Using this information and just to experiment with crAPI, I use the known correct OTP and change Pogba's account password to something that I know. When trying to login to Pogba's account with the known correct credentials, the web interface only renders a blank white screen so it appears that I am not actually meant to login to another user's account.
Using the Forgot Password function and seeing that the OTP is a 4-digit number made me realize that this is actually what is supposed to be bruteforced. I can use Burpsuite Intruder to generate a list of all possible 4-digit codes, then launch an attack that iterates through each code until a successful HTTP response is found.
I first intercept the OTP submittal request sent to the /identity/api/auth/v3/check-otp endpoint then send this request to Burpsuite Intruder.
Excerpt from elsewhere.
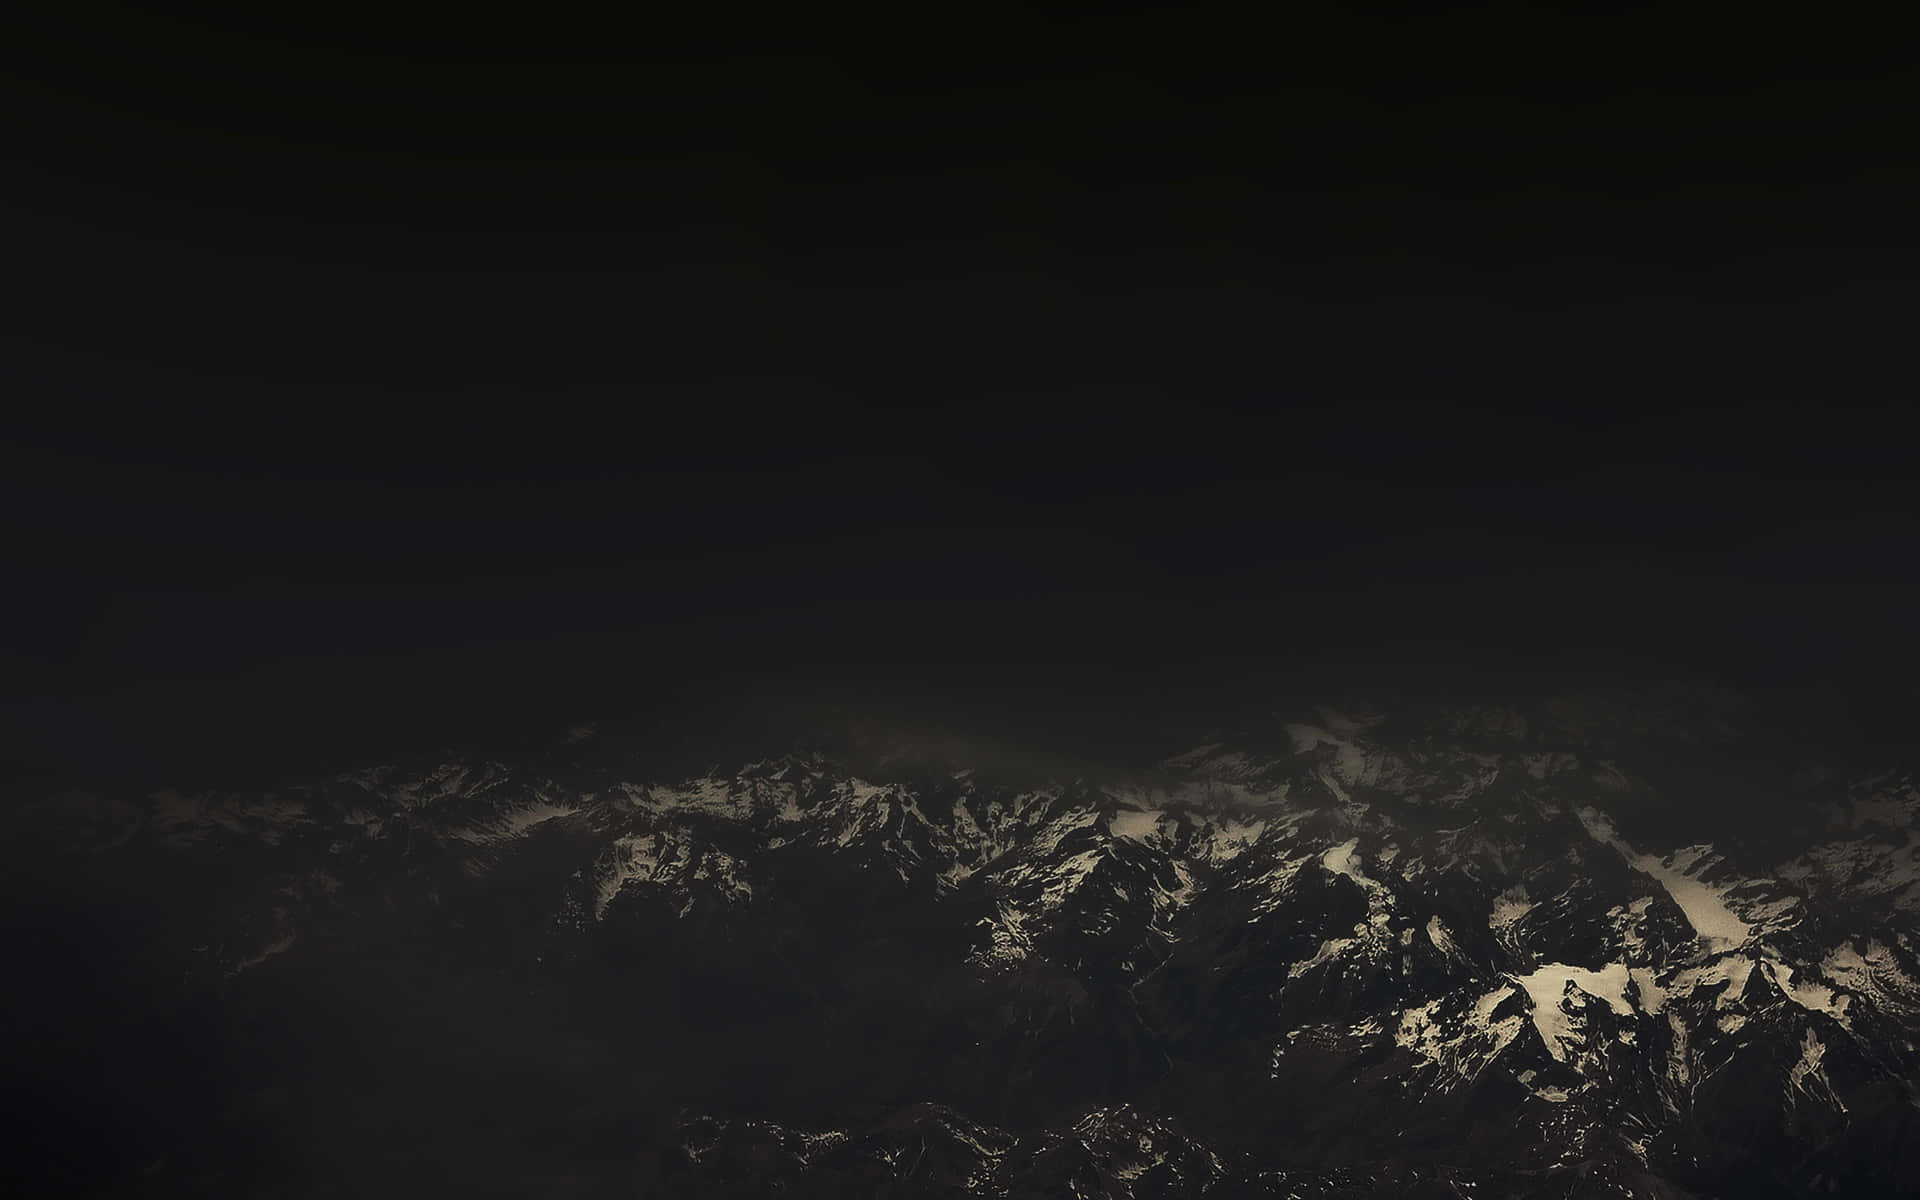 Impresionantepaisaje De Montaña Oscuro Fondo de pantalla

I'll set the payload position to encapsulate the OTP code and select the Attack Type to be sniper:
Next I set the payload type to Numbers and use the following settings to generate all 4 digit codes from 0000 to 9999:
The application initially returns an HTTP 500 error code with a message body including the phrase "Invalid OTP! Please try again..".
However it eventually returns a 503 error that says the maximum number of attempts has been reached, and all subsequent requests simply return a generic HTTP 500 error response. This is how crAPI has implemented rate-limiting to protect itself against bruteforce attacks, so we need to find another way to perform the attack.
The solution is to downgrade the request endpoint from v3 to v2 (ie. the endpoint for the Burpsuite Intruder attack is now /identity/api/auth/v2/check-otp instead of /identity/api/auth/v3/check-otp).
It seems that version 2 of the API does not have rate-limiting implemented, so we can run the exact same Intruder attack and payload to bruteforce the Forgot Password function. Analyzing the responses shows that an HTTP 200 response code is returned for OTP code 3477, so this was the correct code that reset Pogba's password.